**TASK DESCRIPTION:** I would like the lines below, from the one with "Avalon Memory Care" through the one with "Queensland Children's Hospital", copied exactly and without any pictures.

**SUPPLIED ENTRIES:**
· · · ·
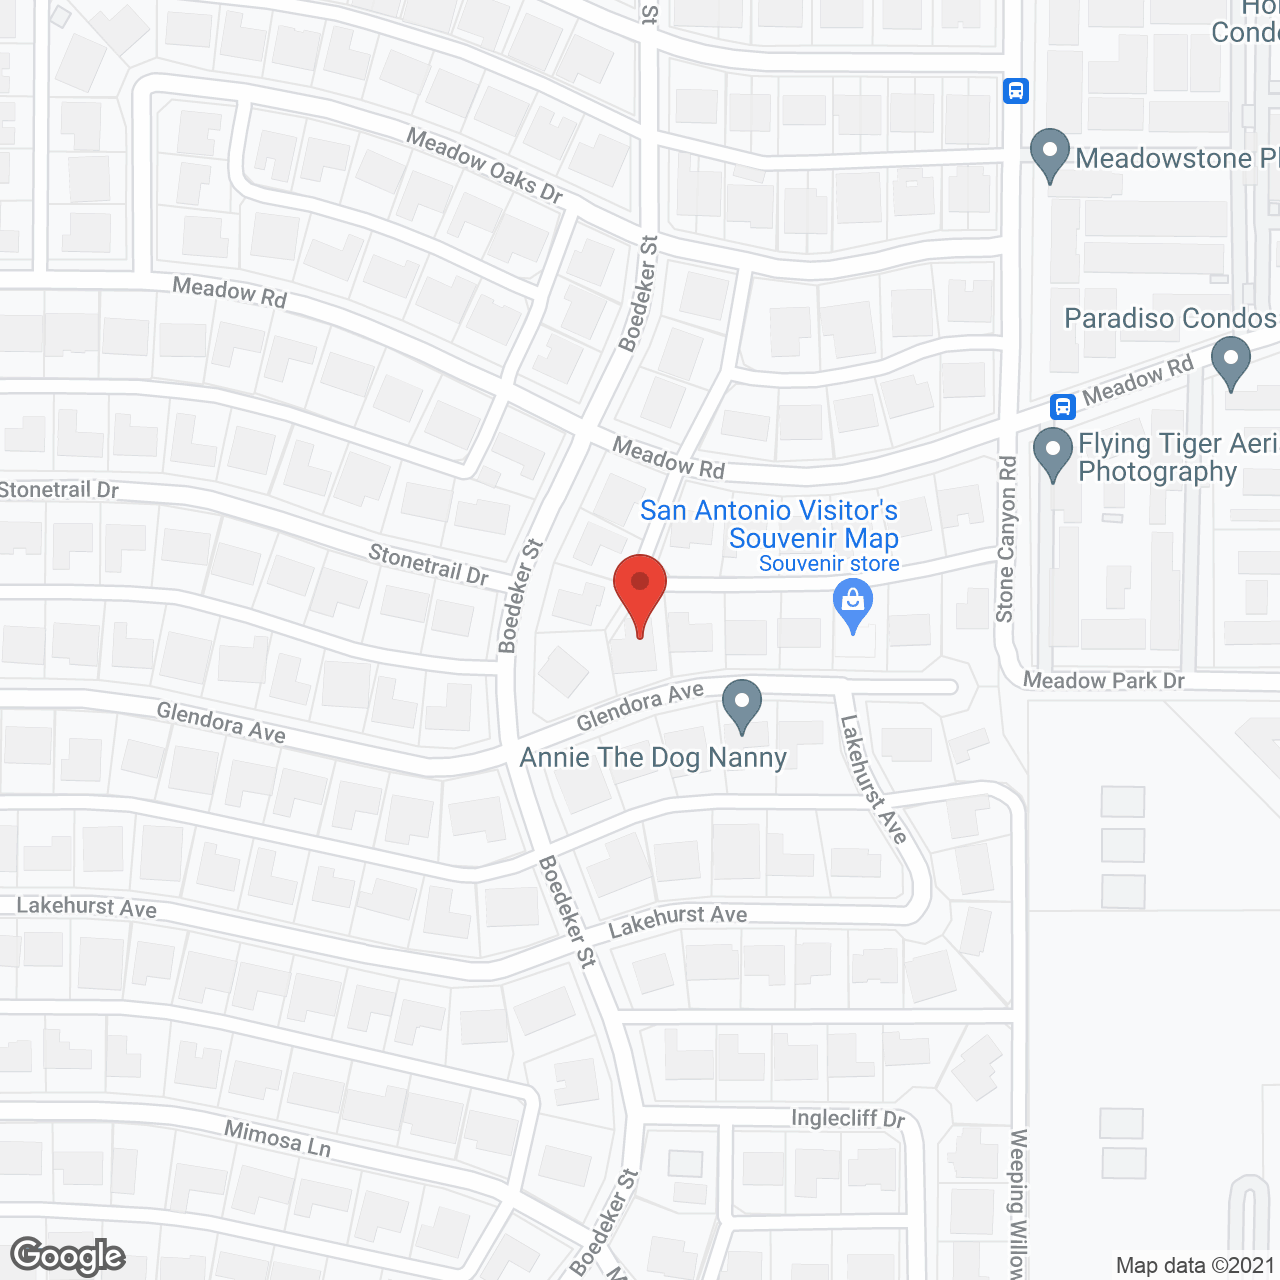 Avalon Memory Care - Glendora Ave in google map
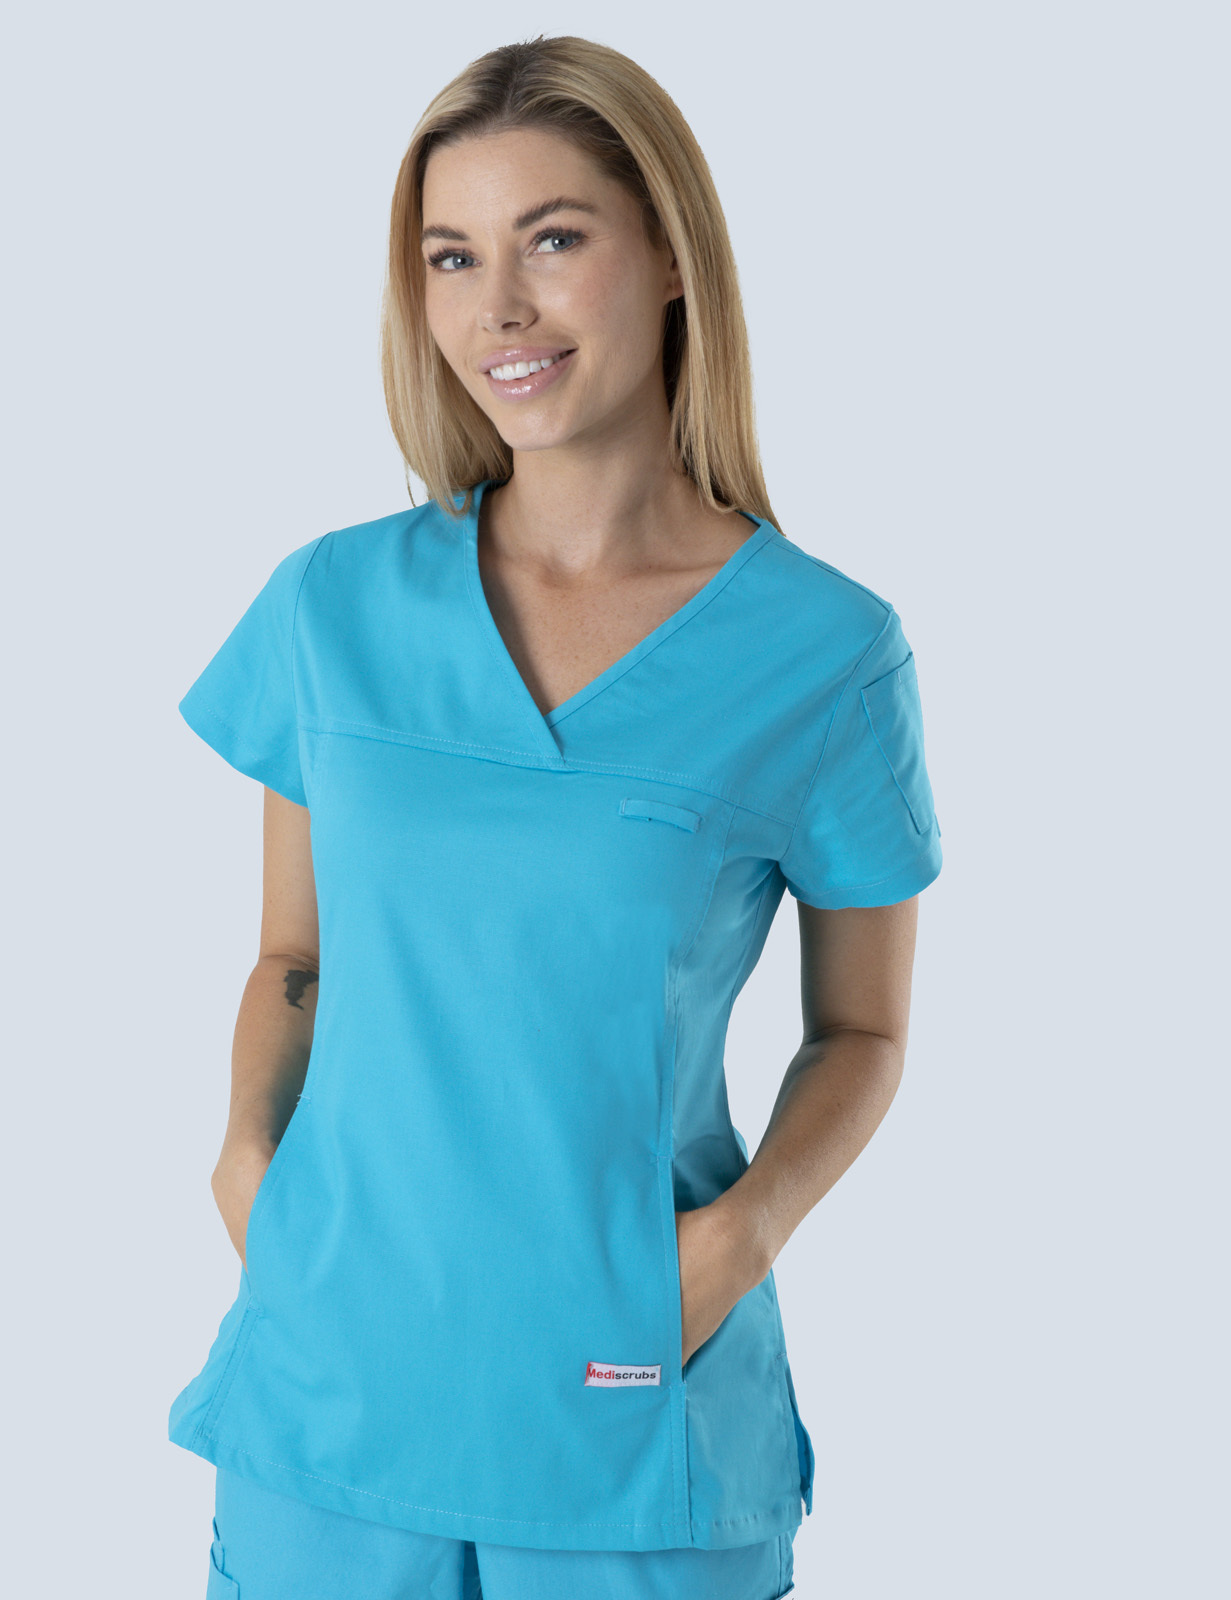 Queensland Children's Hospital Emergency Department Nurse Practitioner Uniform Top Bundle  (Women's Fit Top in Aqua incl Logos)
· · · ·
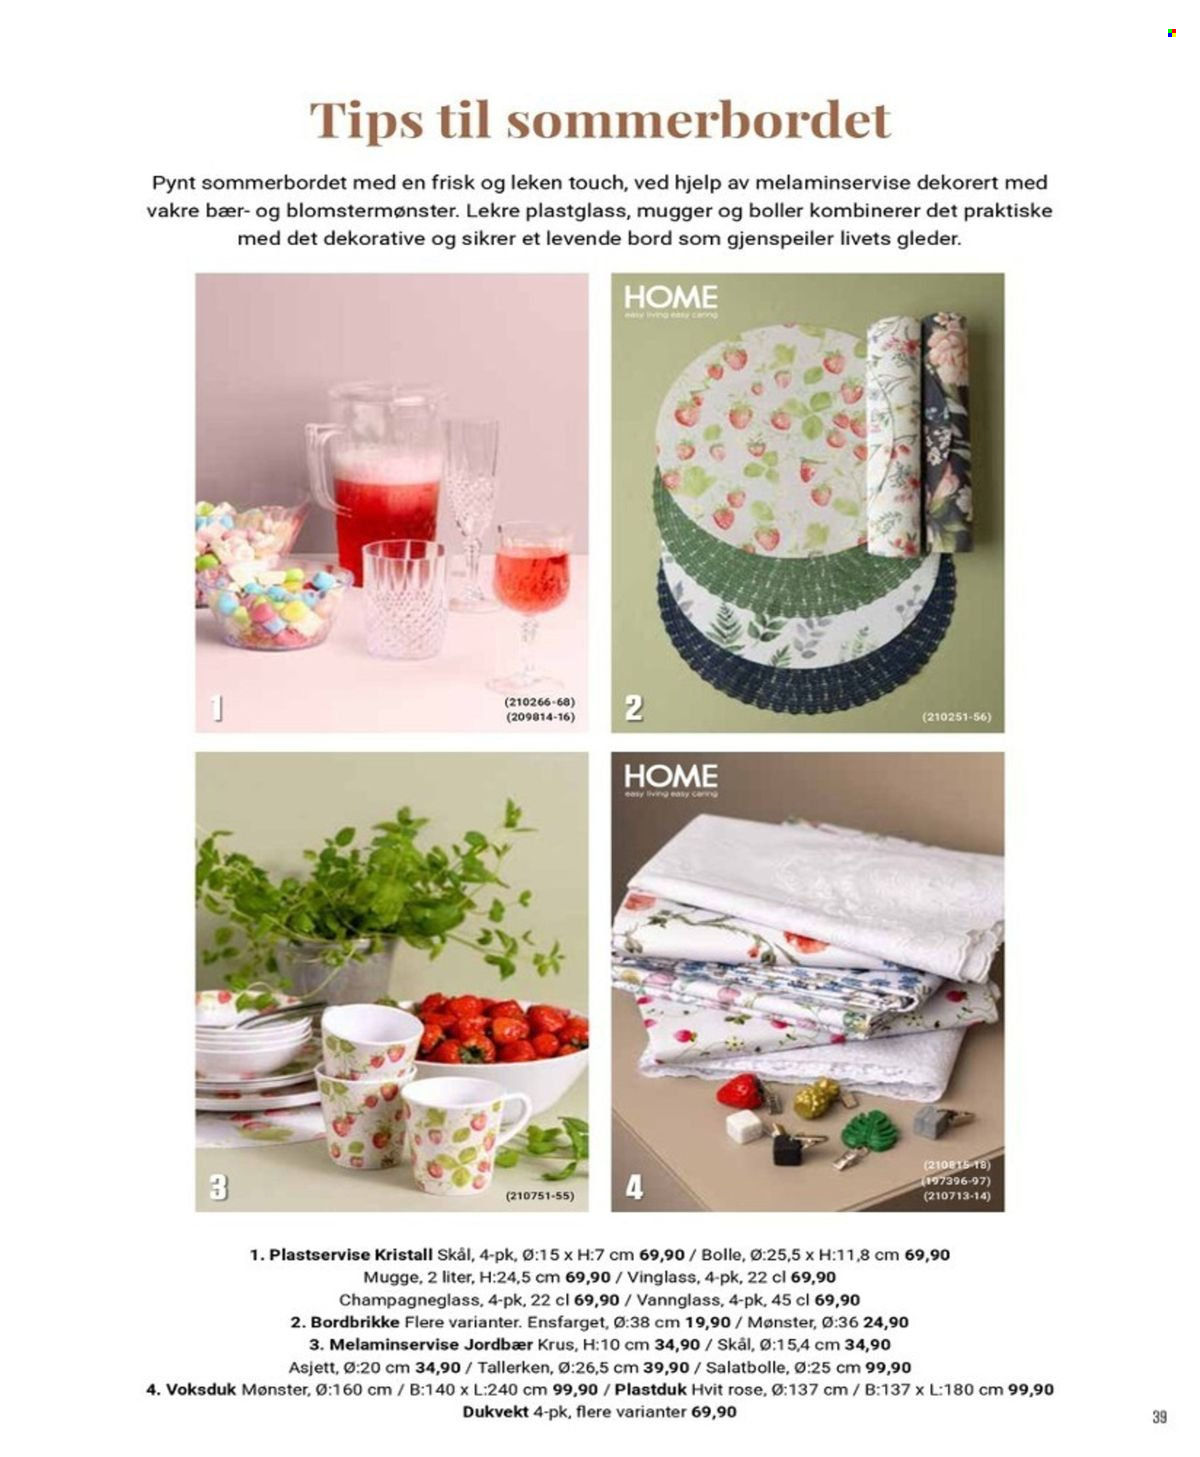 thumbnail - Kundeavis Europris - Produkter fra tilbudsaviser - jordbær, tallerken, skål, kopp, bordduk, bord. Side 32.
· · · ·
**RESULT FOR THIS EXERCISE:**
 Avalon Memory Care - Glendora Ave in google map
 Queensland Children's Hospital Emergency Department Nurse Practitioner Uniform Top Bundle  (Women's Fit Top in Aqua incl Logos)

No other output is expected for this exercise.